:: Information provided ::

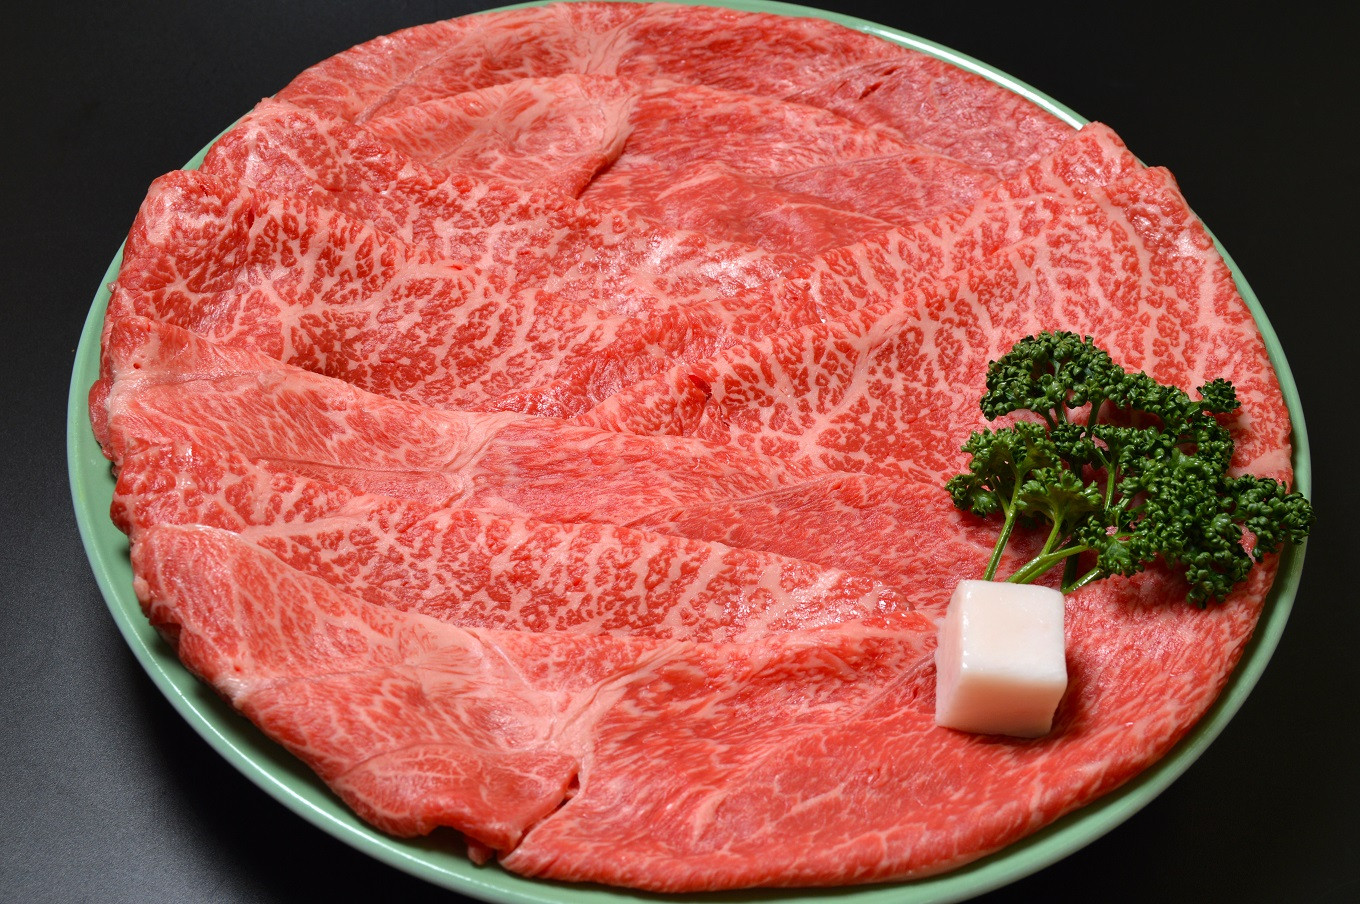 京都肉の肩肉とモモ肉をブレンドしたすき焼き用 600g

:::
:: Information provided ::

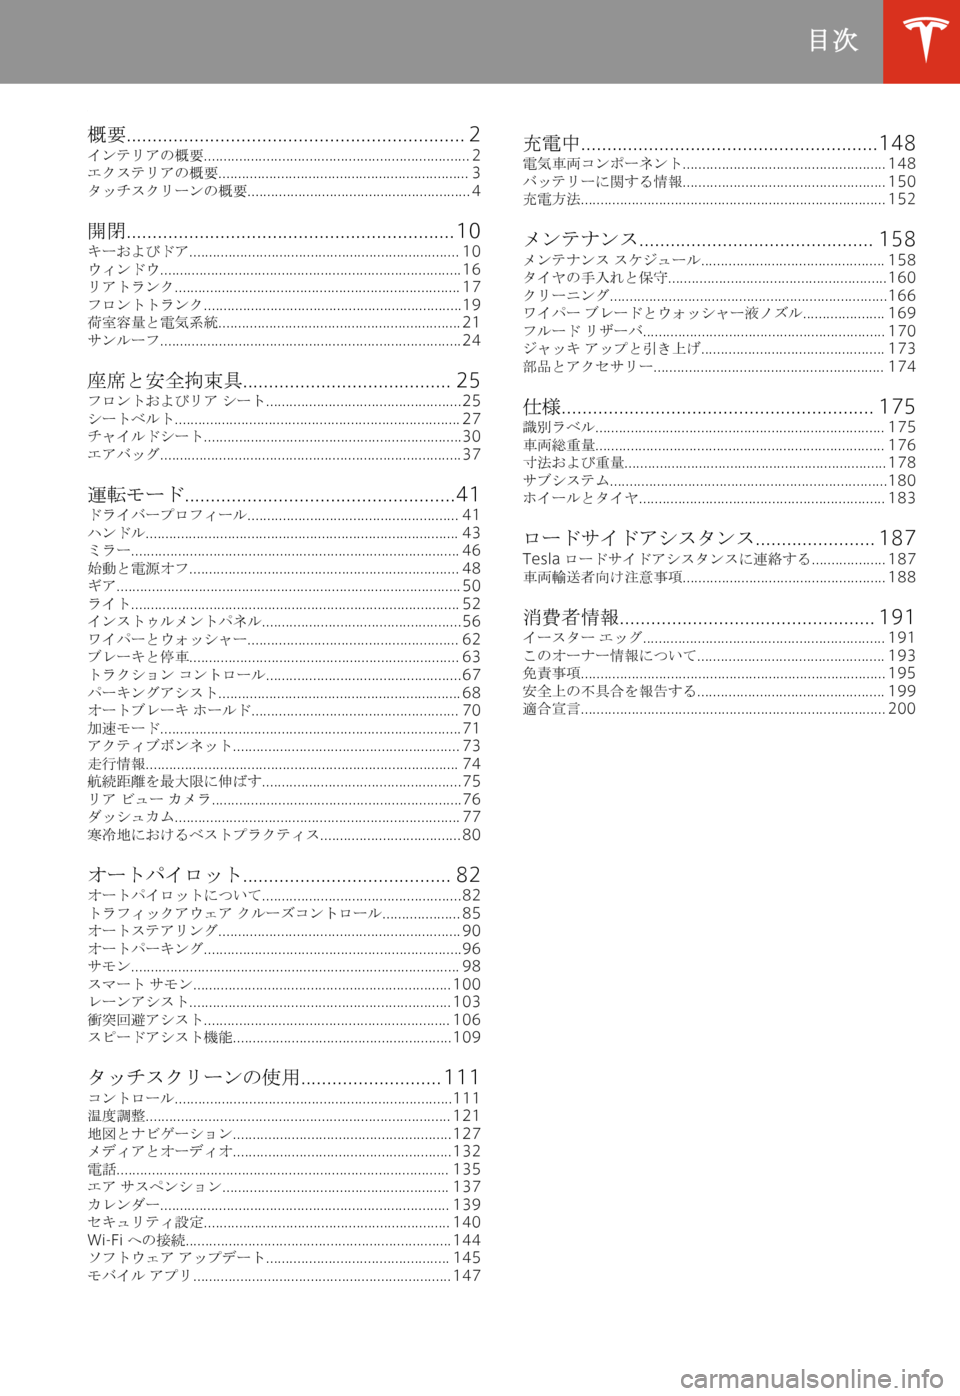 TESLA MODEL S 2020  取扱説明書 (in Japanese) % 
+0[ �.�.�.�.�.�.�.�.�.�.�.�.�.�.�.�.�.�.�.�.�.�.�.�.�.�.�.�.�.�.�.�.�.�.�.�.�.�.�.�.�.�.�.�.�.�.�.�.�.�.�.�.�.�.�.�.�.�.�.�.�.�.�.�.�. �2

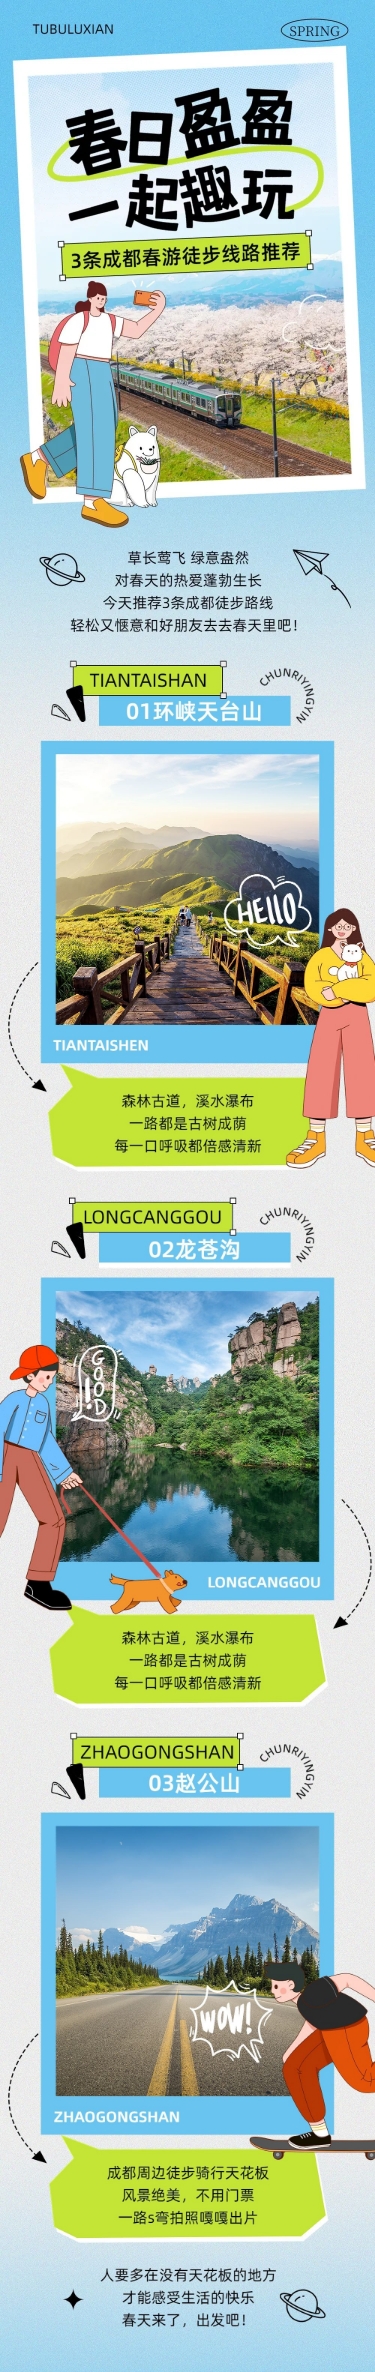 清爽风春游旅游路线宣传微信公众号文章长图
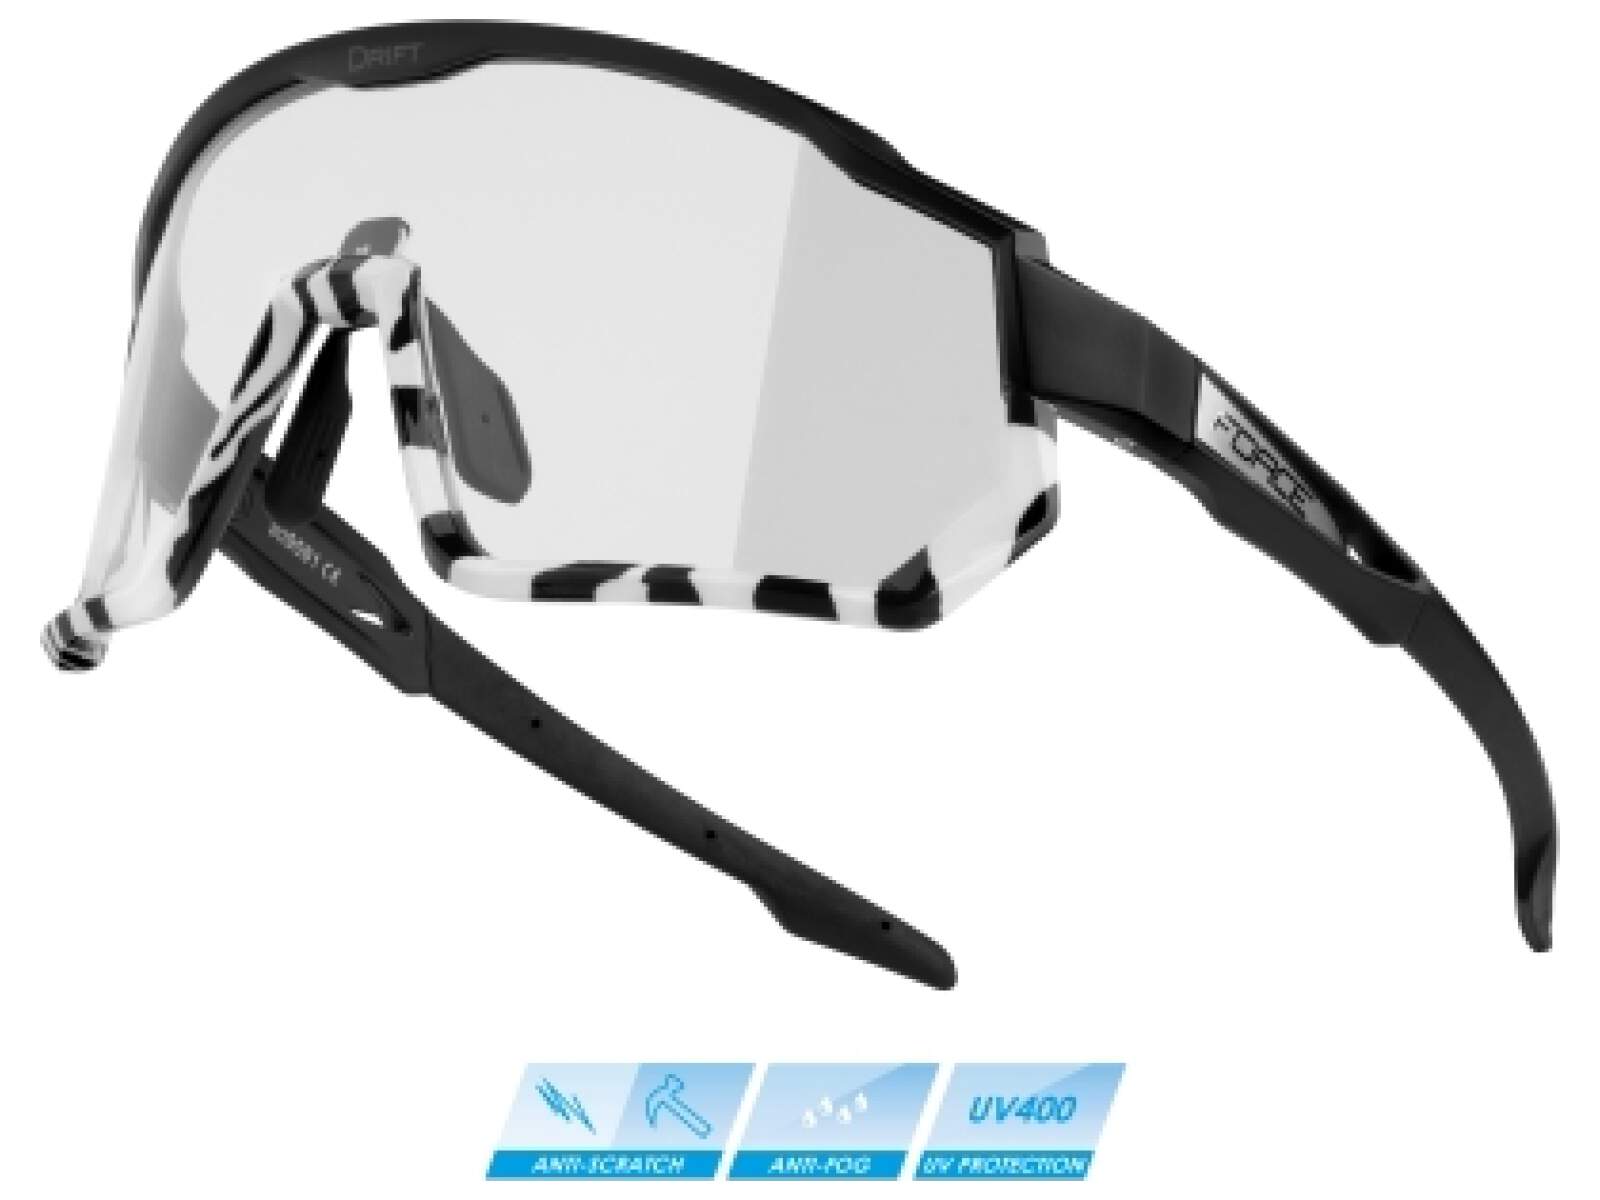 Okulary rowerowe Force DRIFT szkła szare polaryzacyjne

:::
:: Information provided ::

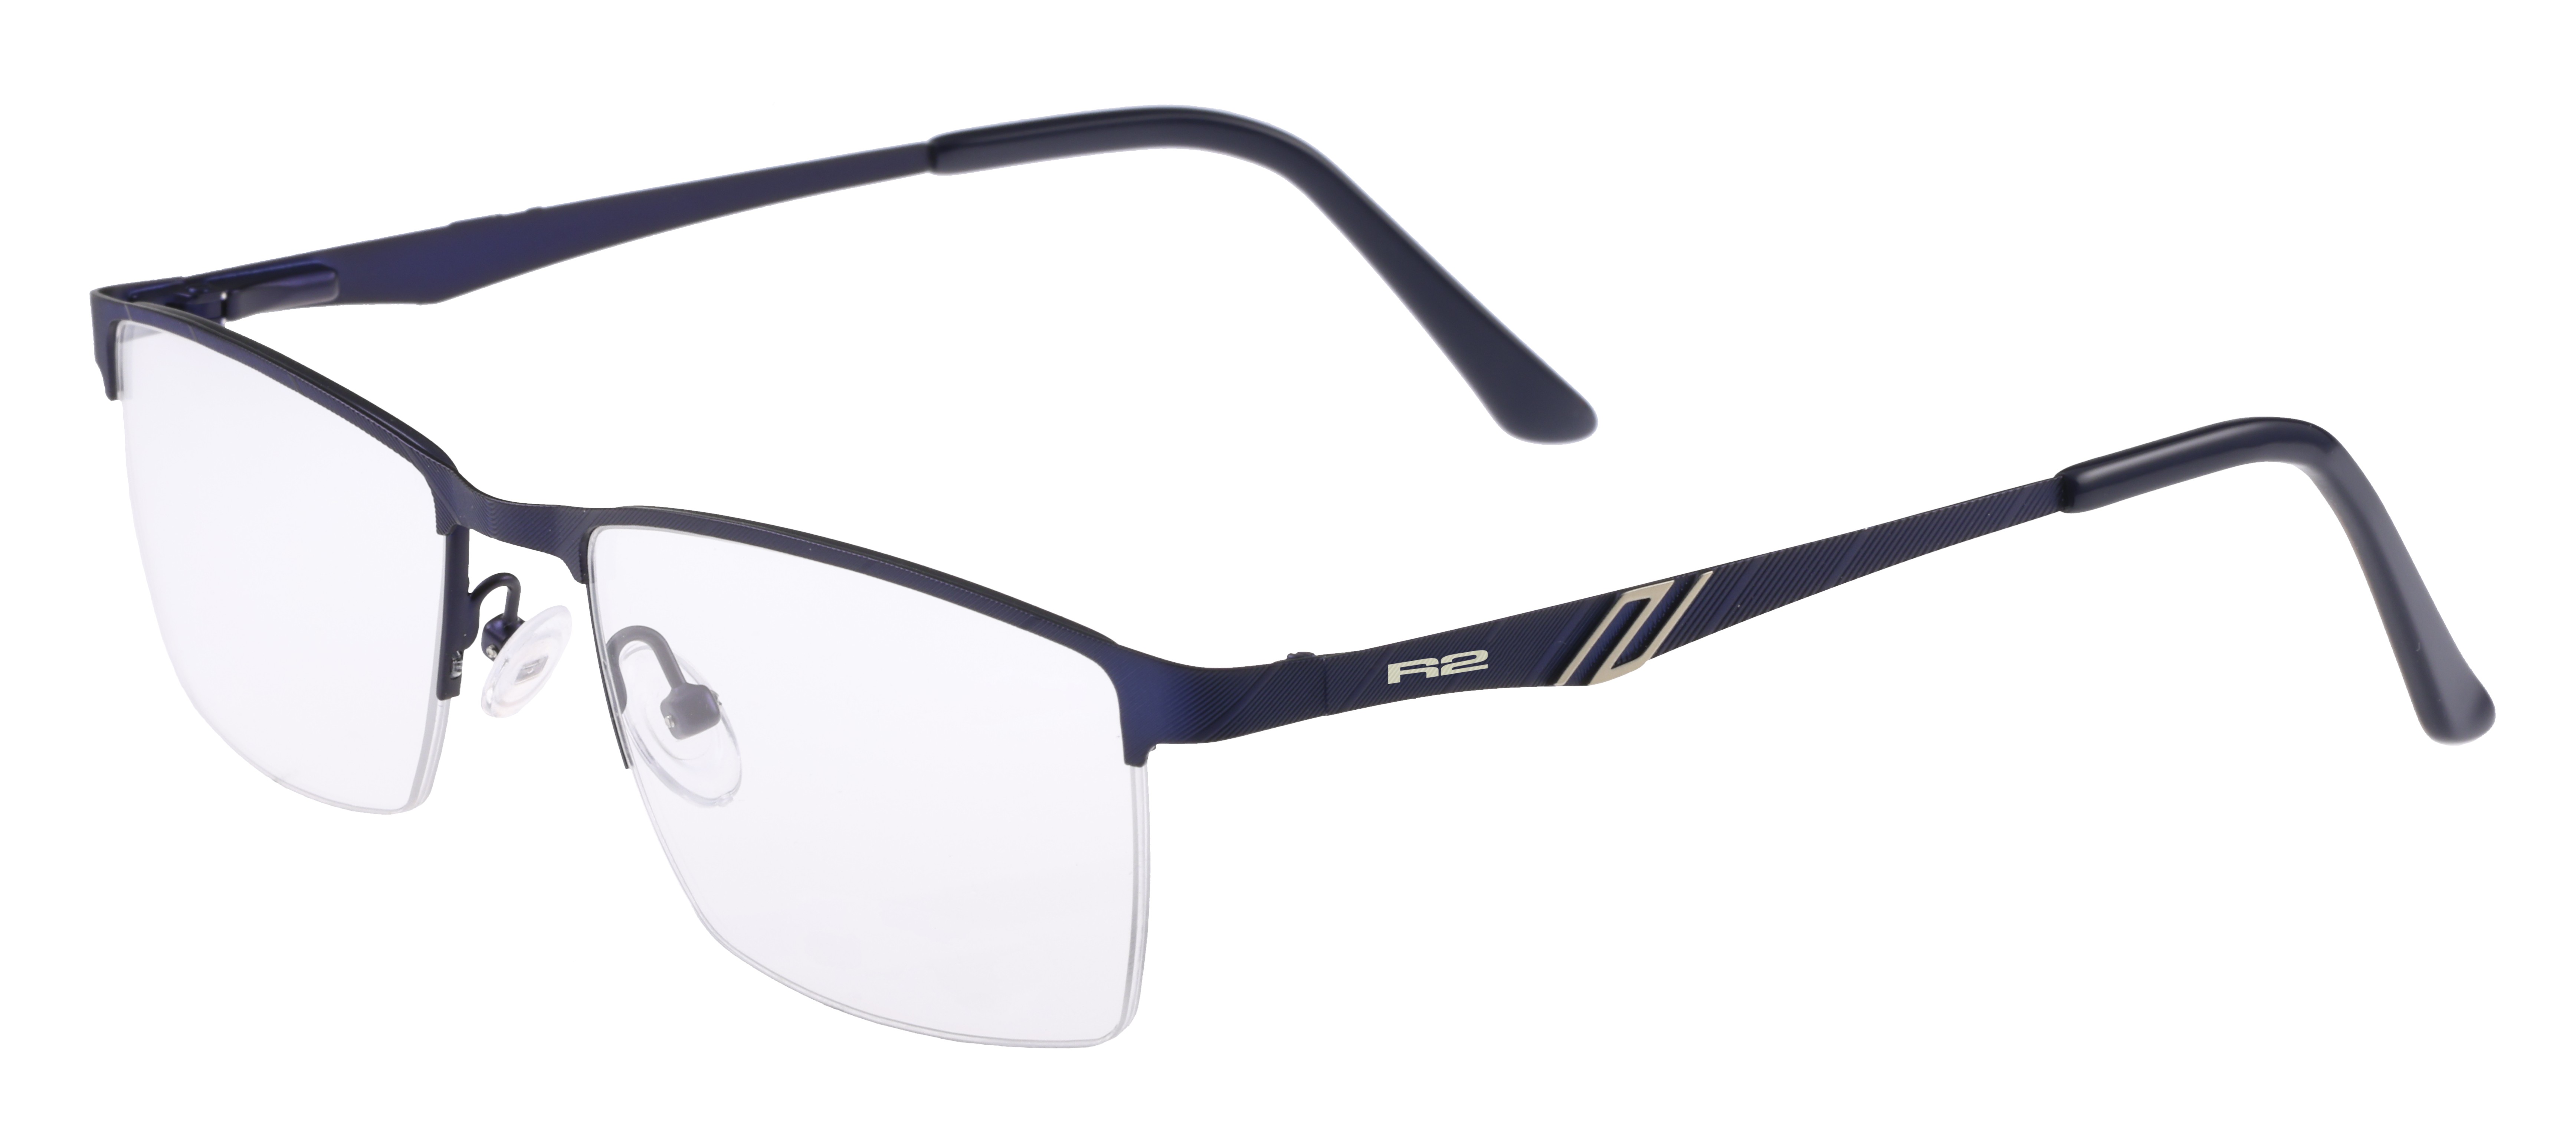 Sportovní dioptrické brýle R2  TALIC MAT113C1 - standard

:::

Aim of the task>
Beginning at the line above that contains "TESLA MODEL S", repeat each line exactly through the one that contains "Okulary rowerowe Force", and leave out the pictures.

Answer box>
 TESLA MODEL S 2020  取扱説明書 (in Japanese) % 
+0[ �.�.�.�.�.�.�.�.�.�.�.�.�.�.�.�.�.�.�.�.�.�.�.�.�.�.�.�.�.�.�.�.�.�.�.�.�.�.�.�.�.�.�.�.�.�.�.�.�.�.�.�.�.�.�.�.�.�.�.�.�.�.�.�.�. �2

 清爽风春游旅游路线宣传微信公众号文章长图
 Okulary rowerowe Force DRIFT szkła szare polaryzacyjne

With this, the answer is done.